Field-level ranking factors

A field-level factor is a numeric value computed by the ranking engine for every matched in-document text field with regards to the current query. As more than one field can be matched by a query, but the final weight needs to be a single integer value, these values need to be folded into a single one. To achieve that, field-level factors can only be used within a field aggregation function, they can not be used anywhere in the expression. For example, you can not use (lcs+bm25) as your ranking expression, as lcs takes multiple values (one in every matched field). You should use (sum(lcs)+bm25) instead, that expression sums lcs over all matching fields, and then adds bm25 to that per-field sum. Currently implemented field-level factors are:

  • lcs (integer), the length of a maximum verbatim match between the document and the query, counted in words. LCS stands for Longest Common Subsequence (or Subset). Takes a minimum value of 1 when only stray keywords were matched in a field, and a maximum value of query keywords count when the entire query was matched in a field verbatim (in the exact query keywords order). For example, if the query is ‘hello world’ and the field contains these two words quoted from the query (that is, adjacent to each other, and exactly in the query order), lcs will be 2. For example, if the query is ‘hello world program’ and the field contains ‘hello world’, lcs will be 2. Note that any subset of the query keyword works, not just a subset of adjacent keywords. For example, if the query is ‘hello world program’ and the field contains ‘hello (test program)’, lcs will be 2 just as well, because both ‘hello’ and ‘program’ matched in the same respective positions as they were in the query. Finally, if the query is ‘hello world program’ and the field contains ‘hello world program’, lcs will be 3. (Hopefully that is unsurprising at this point.)
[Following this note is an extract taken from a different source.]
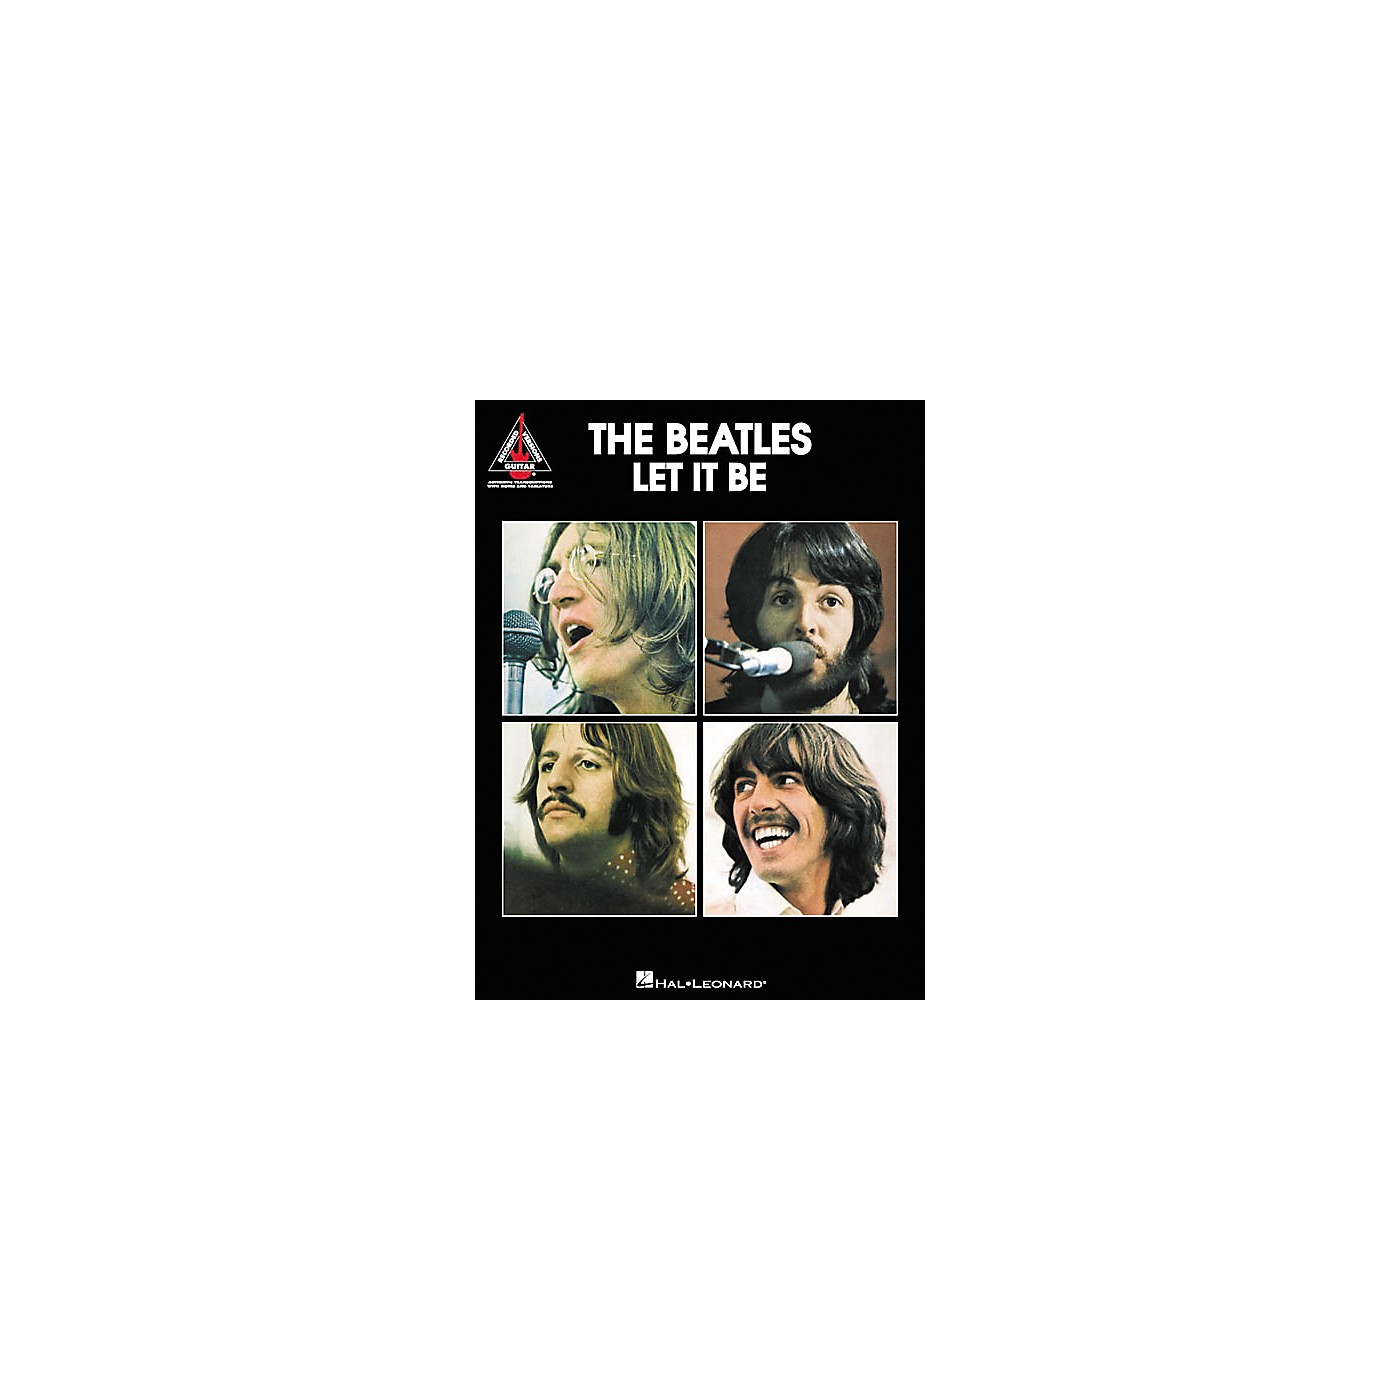 Hal Leonard The Beatles Let It Be Guitar Tab Songbook thumbnail

  • user_weight (integer), the user specified per-field weight (refer to OPTION field_weights in SQL). The weights default to 1 if not specified explicitly.

  • hit_count (integer), the number of keyword occurrences that matched in the field. Note that a single keyword may occur multiple times. For example, if ‘hello’ occurs 3 times in a field and ‘world’ occurs 5 times, hit_count will be 8.

  • word_count (integer), the number of unique keywords matched in the field. For example, if ‘hello’ and ‘world’ occur anywhere in a field, word_count will be 2, irregardless of how many times do both keywords occur.

  • tf_idf (float), the sum of TF/IDF over all the keywords matched in the field. IDF is the Inverse Document Frequency, a floating point value between 0 and 1 that describes how frequent is the keywords (basically, 0 for a keyword that occurs in every document indexed, and 1 for a unique keyword that occurs in just a single document). TF is the Term Frequency, the number of matched keyword occurrences in the field. As a side note, tf_idf is actually computed by summing IDF over all matched occurrences. That’s by construction equivalent to summing TF*IDF over all matched keywords.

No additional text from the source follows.